Jane retrieves Fred's severed head from the freezer and begins passionately kissing it. Robert awakens and attempts to phone police, but finds Jane has cut the phone cord. Robert enters Jane's apartment and she violently attacks him, but he kills her by smashing her face into the hot oven. He screams for Lucy, and crawls over Jane's bed, where suddenly Fred's severed head attacks him, biting his neck.

==Cast==
- Bernice Stegers as Jane Baker
- Stanko Molnar as Robert Duval
- Veronica Zinny as Lucy Baker
- Roberto Posse as Fred Kellerman
- Ferdinando Orlandi as Mr. Wells
- Fernando Pannullo as Leslie Baker
- Elisa Kadigia Bove as Mrs. Duval

==Production==
In mid-1979, Lamberto Bava was summoned to the offices of Pupi Avati with an offer. Bava had previously worked as an assistant director on several productions including those of his father Mario Bava, Joe D'Amato, Ruggero Deodato, and had just finished working with Dario Argento on Inferno. Bava entered the office expecting to be asked to be Avati's assistant on his new film, and found that he was being offered the chance to direct a film based on a clipping from an American newspaper about a woman who kept her husband's severed head in a refrigerator. The Avatis, Bava and Roberto Gandus spent the next few weeks working on a draft, with Bava left briefly to do some re-shoots for Inferno in the United States. While overseas, Bava learned that Medusa Distribuzione had greenlit the project which led to Bava to start shooting the film in November.
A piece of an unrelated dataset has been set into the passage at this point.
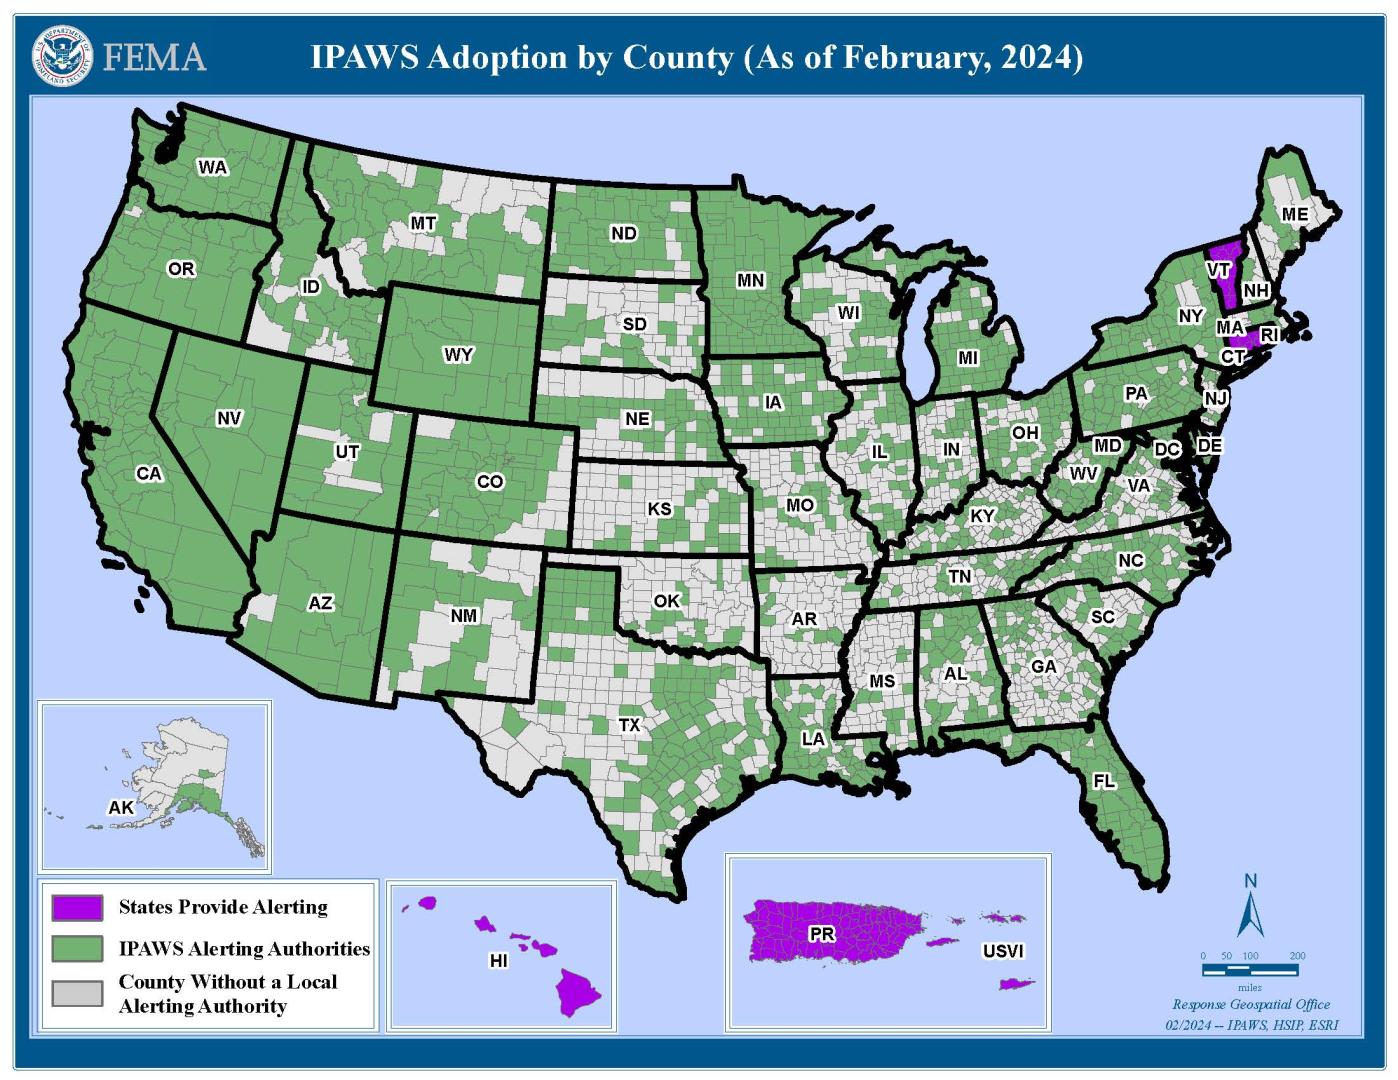 U.S. map of IPAWS adoption by county as of February 2024

Filming lasted for four weeks. The film was shot in Gardone Riviera and Crespi d'Adda and on location in New Orleans.

==Release==
Macabre was distributed theatrically in Italy by Medusa Distribuzione on April 17, 1980. The film grossed a total of 560 million Italian lire on its domestic release in Italy.
The film was also shown at the Sitges Film Festival in October 1980 in Spain. It was released in the United States as The Frozen Terror on 28 October 1983.

Macabre was released twice on DVD in the United States. The first time was in 2001 by Anchor Bay Entertainment. The second DVD release came from Blue Underground in 2007.

==Reception==
Kim Newman (Monthly Film Bulletin) stated that "with only two films, however, Lamberto Bava has established a distinct personality within the genre" noting that Lamberto Bava "favours story-lines as tight and inner-directed as his neurotic characters." Newman noted that Macabre "will probably be remembered as the definitive severed-head-in-the-fridge film."